Keywords: Ginsenosides, Spermatogonia, Protein kinase C, Mouse
INTRODUCTION
Ginseng has long been used as a traditional medicine in Asian countries. The multiple pharmacological actions of ginseng are generally attributed to ginsenosides, the primary active ingredients extracted from ginseng. Ginsenosides exert varying effects on a myriad of cells and tissues, including pharmacological responses on the central nervous, cardiovascular and endocrine systems (Attele et al., 1999). Rajput et al.(2007) showed that ginsenosides-based adjuvant could stimulate the cell-mediated immune system. However, the mechanisms of ginsenosides activity still largely remain unclear. A few studies have reported the action of ginsenosides on reproduction. Ginsenosides ameliorated ovarian dysfunction caused by excessive stimulation with equine chorionic gonadotropin in immature rats (Yu et al., 2003). Ginsenosides stimulated meiotic maturation of mouse oocytes through a paracrine pathway involving the nitric oxide/inducible nitric oxide synthase system (Zhang et al., 2006).
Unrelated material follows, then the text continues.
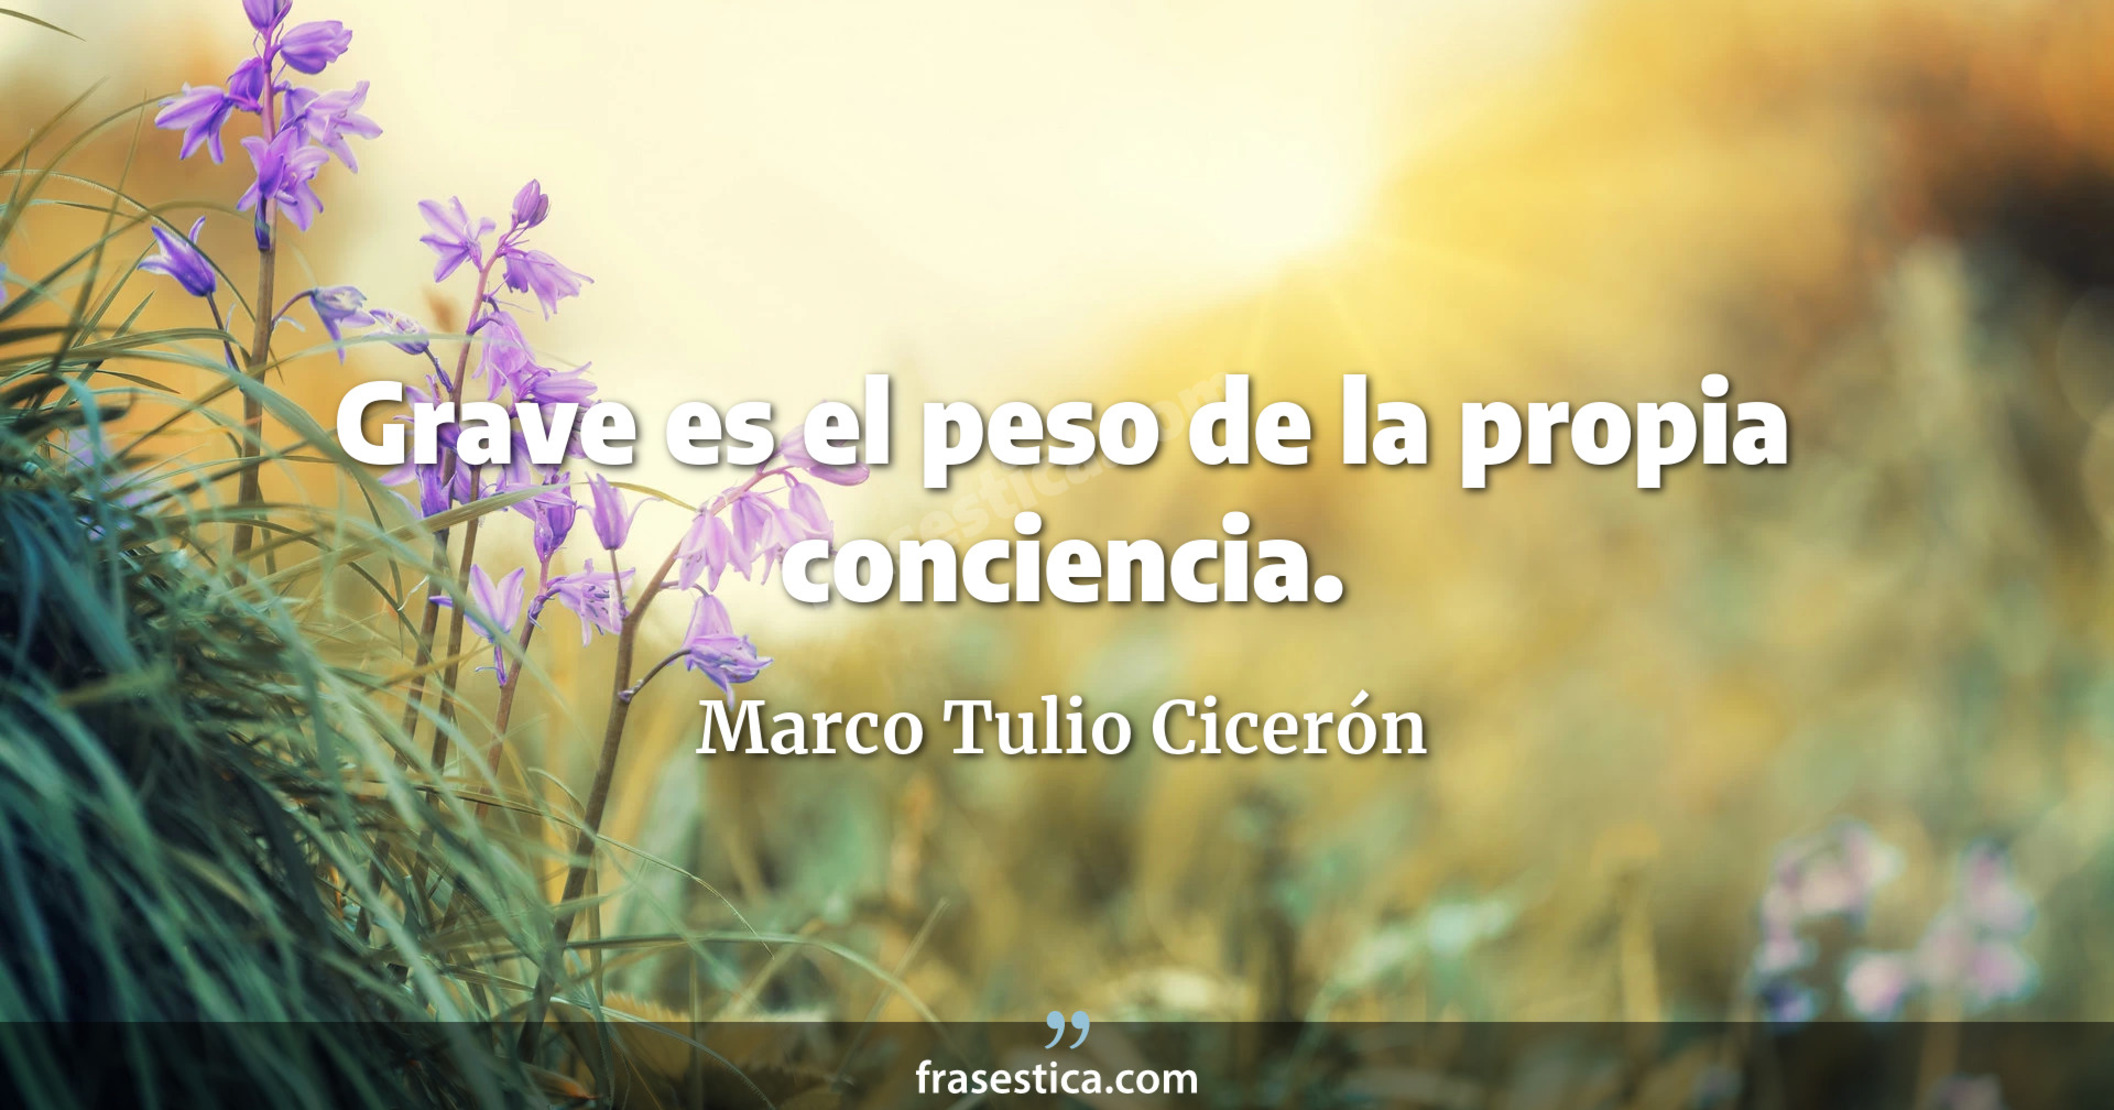 Grave es el peso de la propia conciencia. - Marco Tulio Cicerón

However, ginsenosides exerted embryo toxicity on murine embryos (Chan et al., 2003; Liu and Zhang, 2006). Nevertheless, very little is known about the effect of ginsenosides on male germ cell development.
Germ cells originate from primordial germ cells (PGCs). In males, after migration to the genital ridges, PGCs are enclosed in the seminiferous cords and become gonocytes. Following birth, gonocytes migrate to the seminiferous tubule basement membrane and differentiate into spermatogonial stem cells. Spermatogonia divided into types A and B spermatogonia. The type A spermatogonia further develop into intermediate and type B spermatogonia. Finally, through the last mitotic division, type B spermatogonia give rise to primary spermatocytes that will enter meiosis (de Rooij and Grootegoedt, 1998).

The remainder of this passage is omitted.